Alert Design
Good alerting is the single biggest quality-of-life lever in an on-call rotation. Bad alerting — noisy, wrong-priority, poorly targeted — is why engineers burn out and leave teams.
The worst alerting setups share the same pathology: hundreds of alerts, most of them firing regularly, most of them irrelevant. Engineers learn to ignore alerts. Then the one alert that matters gets ignored too.
This lesson is about how to design alerts that actually page you when things matter and stay quiet when they don't.
Every page should be actionable, urgent, and real. If any of those three is missing, the alert is either misconfigured or should not exist as a page. The right page count per week per service is small — single digits.
The only good reason to page someone
An alert should page a human being if and only if:
- Something is happening now that affects users.
- A human is required to fix it (not a retry, not autoscaling, not a self-healing mechanism).
- It is urgent — waiting until morning would materially worsen the outcome.

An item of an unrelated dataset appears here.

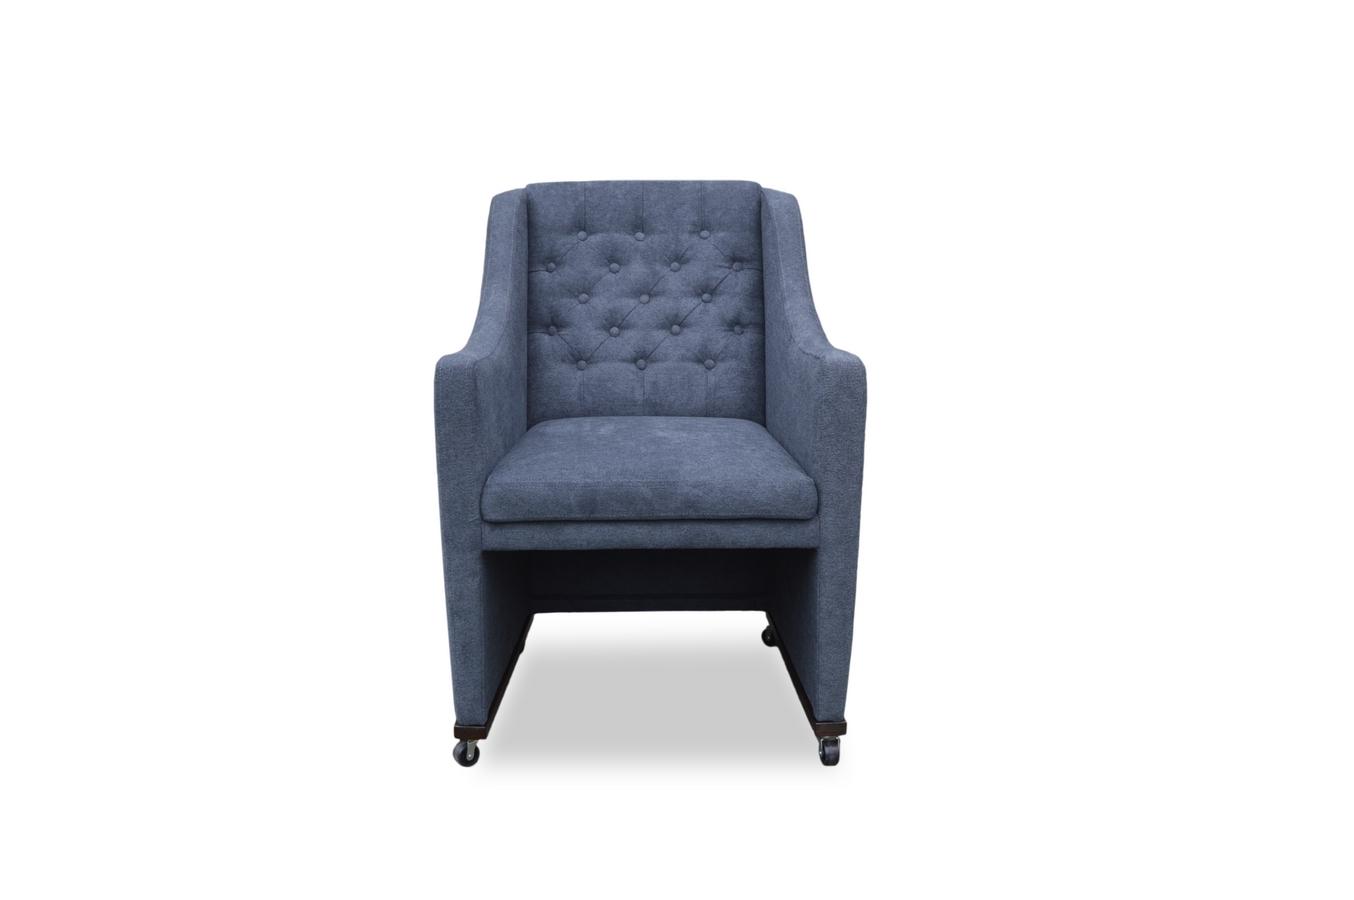 Wunderbar Chesterfield Esszimmerstühle Beste Wahl Stuhl Sessel Rollen Konferenz Wartezimmer Büro Lounge

If any of these is missing, you have either a ticket (urgent but not page-worthy) or a noise problem.
The page-worthy failure modes
- Service is down or severely degraded (SLO burning fast).
- Data is being lost or corrupted.
- A security incident is in progress.
- A dependency has failed in a way the service cannot auto-recover from.
That is approximately the whole list.
Alert on symptoms, not causes
The most important rule in alerting:
Alert on what the user sees, not on what is happening inside your system. User-visible errors. User-visible latency. Data that should be current but isn't. Alerts on internal causes (CPU, memory, queue depth) generate noise because they fire even when the system is handling the issue.
The failure mode of cause-based alerts
- CPU hits 95%. You page the on-call.
- On-call wakes up. Looks at the dashboard. Service is serving traffic fine. Latency is normal. Error rate is zero.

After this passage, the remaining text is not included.